I'm reading the book Pattern Recognition and Machine Learning by Christopher Bishop, and on page 80, with regard to the multivariate gaussian distribution:
$$ \mathcal{N}(\mathbf{x} | \boldsymbol{\mu}, \boldsymbol{\Sigma}) = \frac{1}{(2\pi)^{D/2}}\frac{1}{| \boldsymbol{\Sigma}|^{1/2}}~ \exp \biggl \{ -\frac{1}{2} (\mathbf{x} - \boldsymbol{\mu})^{\mathrm{T}}~ \boldsymbol{\Sigma}^{-1}~(\mathbf{x} - \boldsymbol{\mu}) \biggr \} $$ it says:
First of all, we note that the matrix $ \boldsymbol{\Sigma} $ can be taken to be symmetric, without loss of generality, because any antisymmetric component would disappear from the exponent.
It's not clear to me what this means. Can someone explain?
When I plot such a distribution (e.g. using octave) using a non-symmetric matrix, I still get a valid distribution out.
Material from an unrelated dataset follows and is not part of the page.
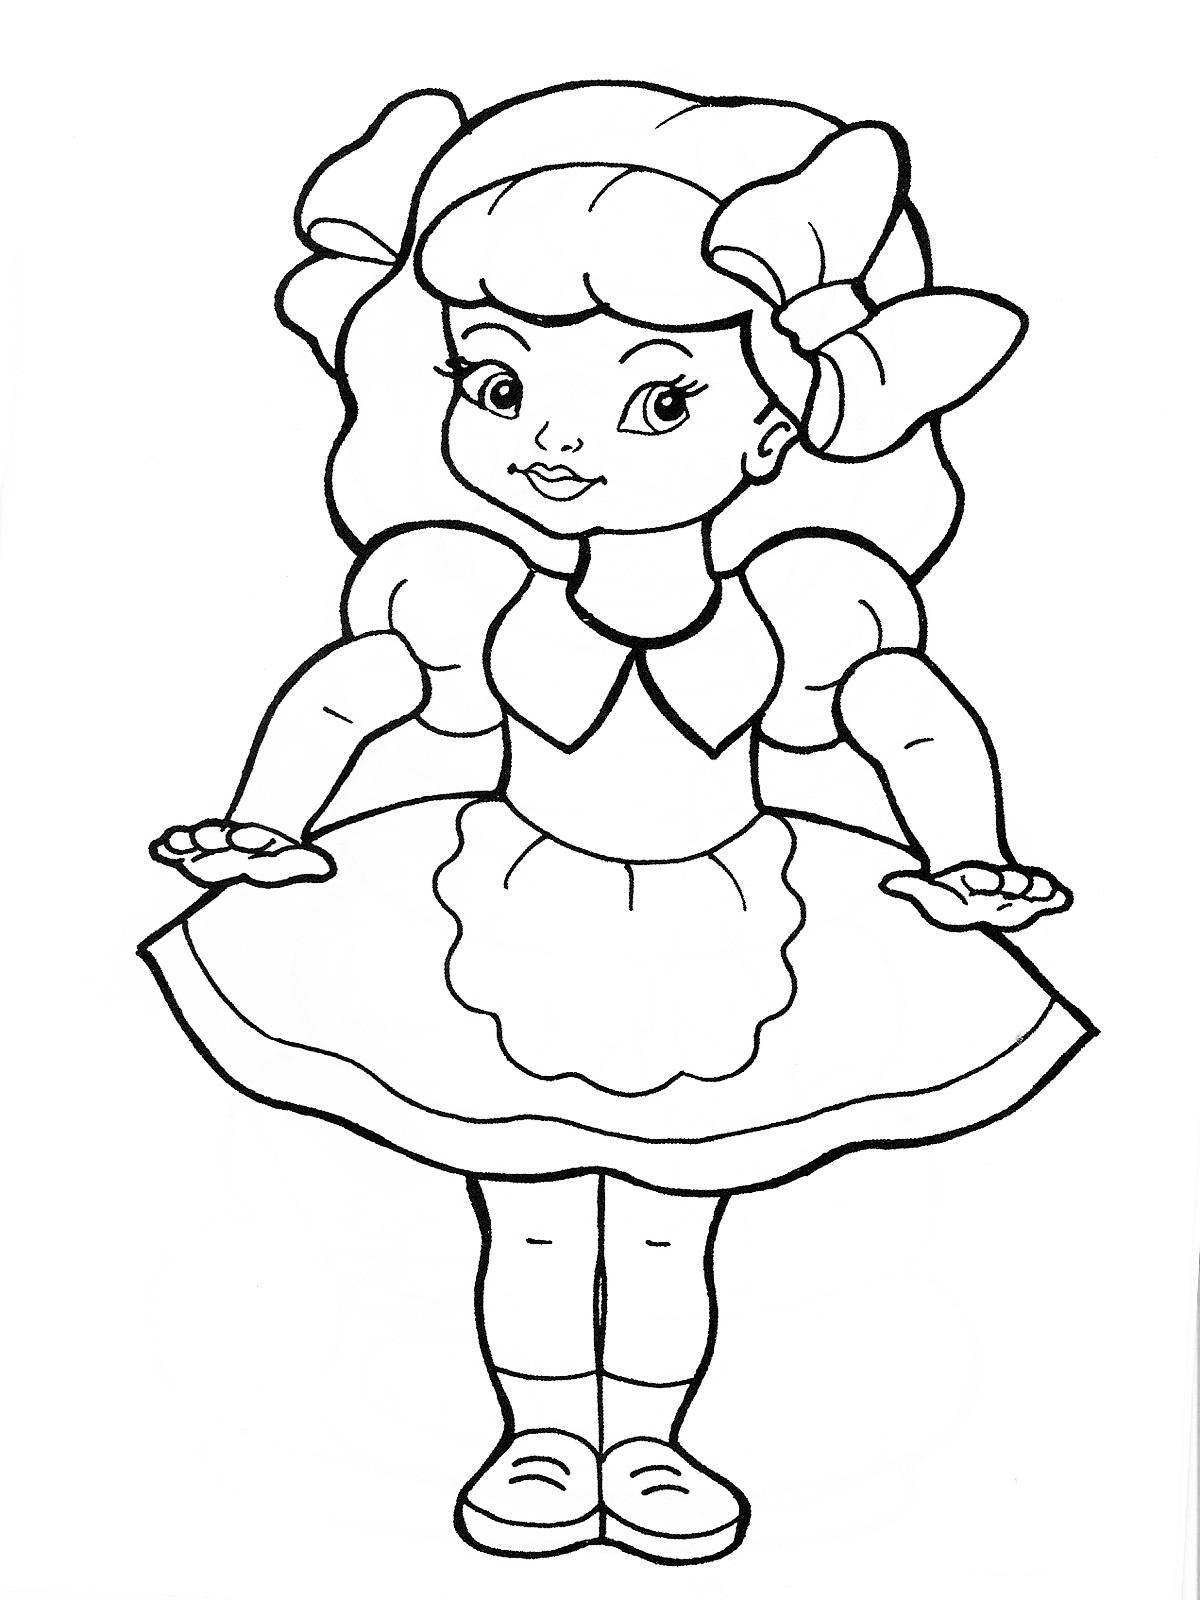 Раскраски куклы Раскраски куклы, раскраски для девочек с красивыми куклами

E.g. if I use $ \boldsymbol{\Sigma}$ = [1, 0.25; 0.5, 1], I get something out that looks half-way between $ \boldsymbol{\Sigma}$ = [1, 0.25; 0.25, 1], and $ \boldsymbol{\Sigma}$ = [1, 0.5; 0.5, 1].
Does the phrase "without loss of generality" here simply imply that for any asymmetric $ \boldsymbol{\Sigma}$ there is an equivalent symmetric one which would have resulted in the exact same Mahalanobis distance, and therefore we might as well only deal with the symmetric versions for mathematical convenience?